En outre, les crises du Covid, climatiques et géopolitique (guerre en Ukraine) ont fait remonter l’agriculture en haut de l’agenda politique dans les institutions européennes. Certains continuent de penser que les crises actuelles sont l’occasion d’accélérer la transition écologique. Alors que d’autres, heureusement de plus en plus nombreux, estiment au contraire qu’il faut suspendre la stratégie de la Ferme à la Fourchette et donner la priorité à la souveraineté et à la sécurité alimentaire.

Les externalités positives de l’agriculture

Coté réchauffement climatique, la direction de l’Agriculture de la Commission n’ignore pas les émissions de gaz à effet de serre de l’agriculture dont une grande partie provient de l’élevage à cause des rejets de méthane des bovins. Comme les autres secteurs d’activité, l’élevage doit contribuer à les réduire ainsi que les pollutions des sols, de l’air dont il est responsable et améliorer sa performance environnementale. Ainsi Carlos Martin Ovilo, membre de cette direction, justifie les mesures qui sont prises sur le maintien des prairies, la gestion des effluents, voire la réduction de la densité des élevages dans les zones particulièrement chargées comme aux Pays-Bas. Néanmoins, contrairement à d’autres, il reconnait aussi les externalités positives de l’élevage en matière de biodiversité, de stockage du carbone dans les prairies et de lutte contre le réchauffement climatique. Sur la question du gaspillage des ressources souvent évoquée par les contempteurs de l’élevage, il tient à préciser que les bovins sont les seuls à transformer de la biomasse en denrée comestible par les humains et qu’ils exploitent des terres marginales qui ne pourraient être valorisées par des cultures… Selon lui, 57 % des terres ne pourraient être utilisées à d’autres fins que l’élevage.

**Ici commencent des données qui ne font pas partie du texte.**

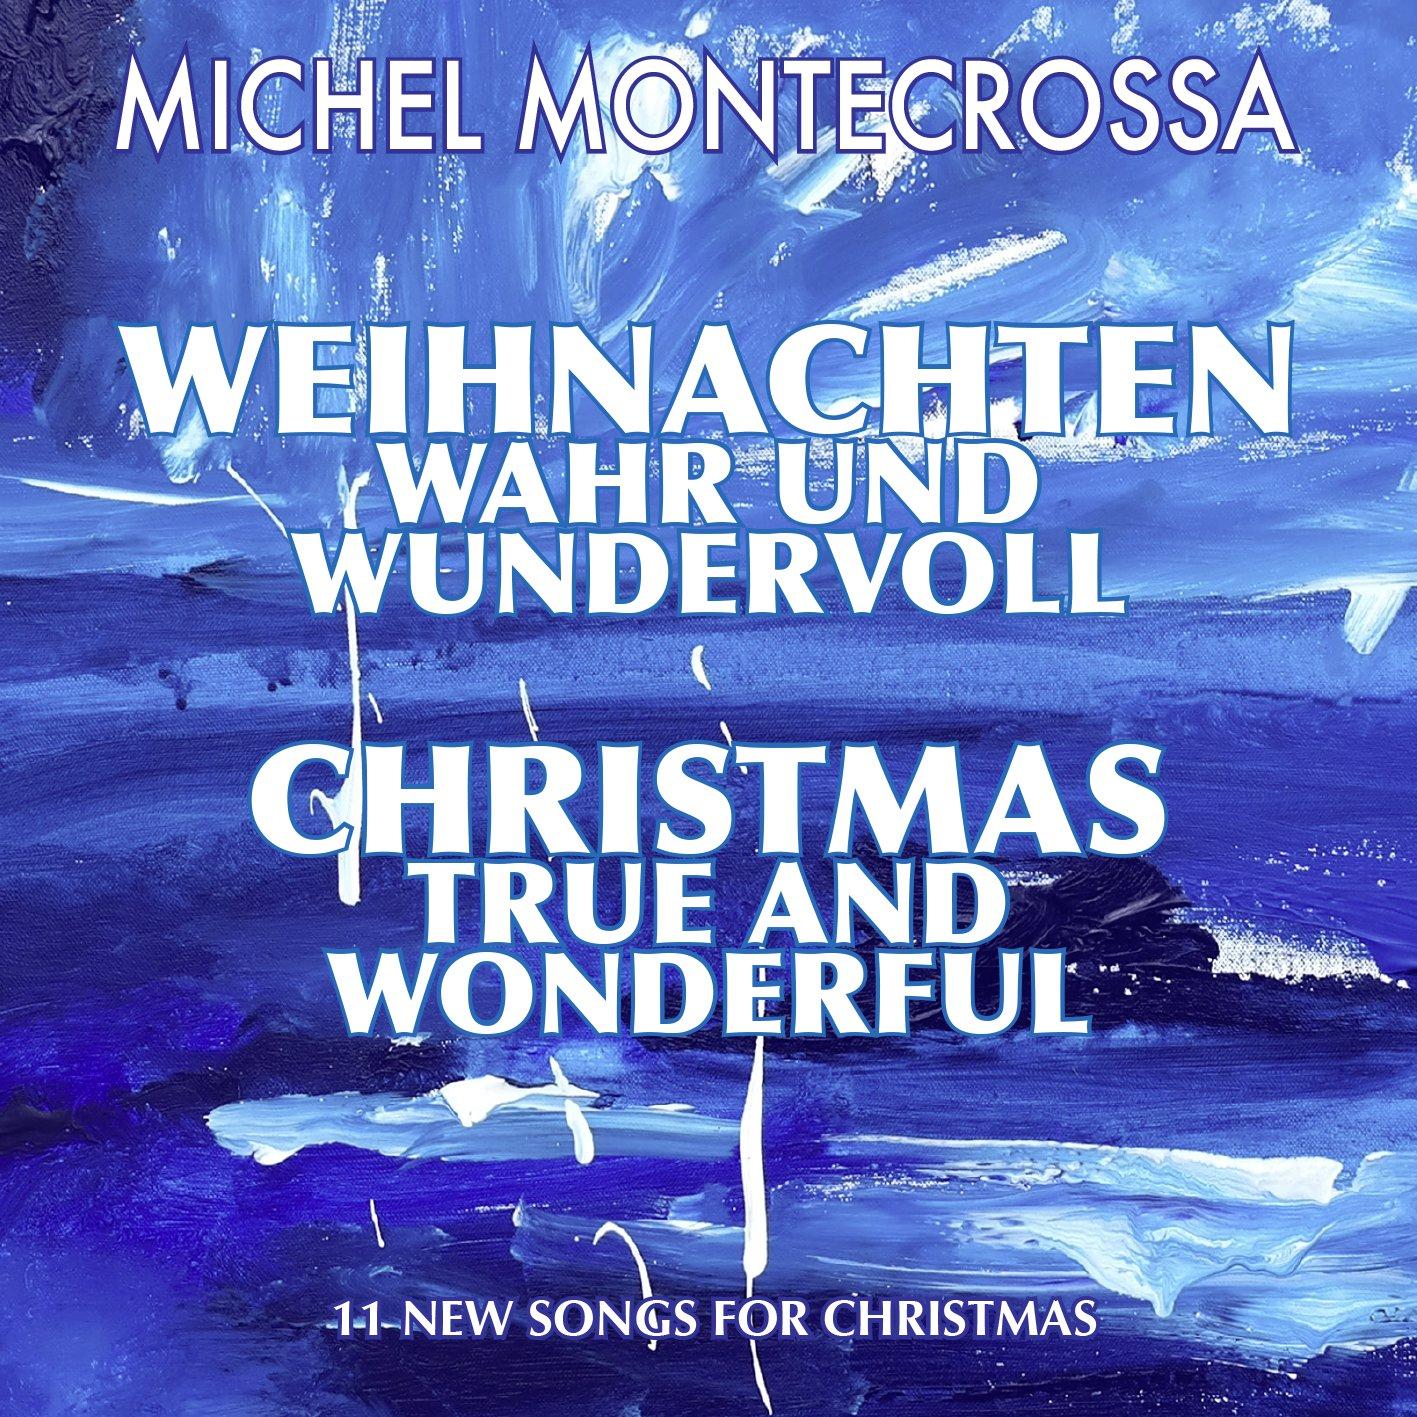 Weihnachten Wahr und Wundervoll

Le bien-être animal à l’ordre du jour

Les institutions communautaires sont également très attentives aux attentes sociétales. Sur le bien-être animal par exemple, Jérémy Decerle, parlementaire européen, a annoncé que la Commission de Bruxelles devrait adopter de nouvelles propositions en la matière en 2023. L’ancien président des Jeunes Agriculteurs, également l’auteur d’un rapport parlementaire sur le sujet, ignore, à ce stade, les intentions de la Commission de Bruxelles, mais nul doute qu’elles iront dans le sens d’un durcissement des dispositions actuelles. Sans attendre ses conclusions, le secteur de l’élevage, depuis le lancement de la charte des bonnes pratiques en 1999, a décidé d’aller plus loin. Dans le cadre du plan filière, France Terre de lait, adopté il y a trois ans, a mis en place un outil de mesure du bien-être animal, Boviwell. Les élevages sont classés en quatre catégories, excellents, bons, passables et la dernière dont le lait ne serait plus collecté, indique Ghislain de Viron, vice-président de la FNPL, en charge du dossier. L’objectif étant bien entendu d’associer un niveau de valorisation à chaque stade. D’ores et déjà 5 000 exploitations ont été diagnostiquées, la totalité des élevages laitiers devraient l’être à l’horizon 2025.

Un étiquetage spécifique sur le bien-être animal ?

Invité à la journée européenne du lait, Louis Schweitzer, président de la Fondation Droit Animal, ancien PDG de Renault, promeut une autre approche pour améliorer le bien-être animal, l’étiquetage. Déjà vulgarisé dans le secteur de l’œuf avec les notations 1, 2, 3, 4, selon le mode d’élevage des poules, sa fondation travaille à sa mise en place dans le secteur du porc. L’ancien patron de Renault qui se dit « réformiste et légaliste », contrairement à d’autre ONG de défense animale, s’intéresse à l’amélioration du sort des animaux d’élevage, des animaux utilisés pour l’expérimentation et à la faune sauvage, « de la naissance à la mort », incluant donc le transport et l’abattage. Comme dans l’œuf, il souhaite que les efforts réalisés par les éleveurs en matière de bien-être soient récompensés. C’est la raison pour laquelle les grandes surfaces sont associées à ses travaux.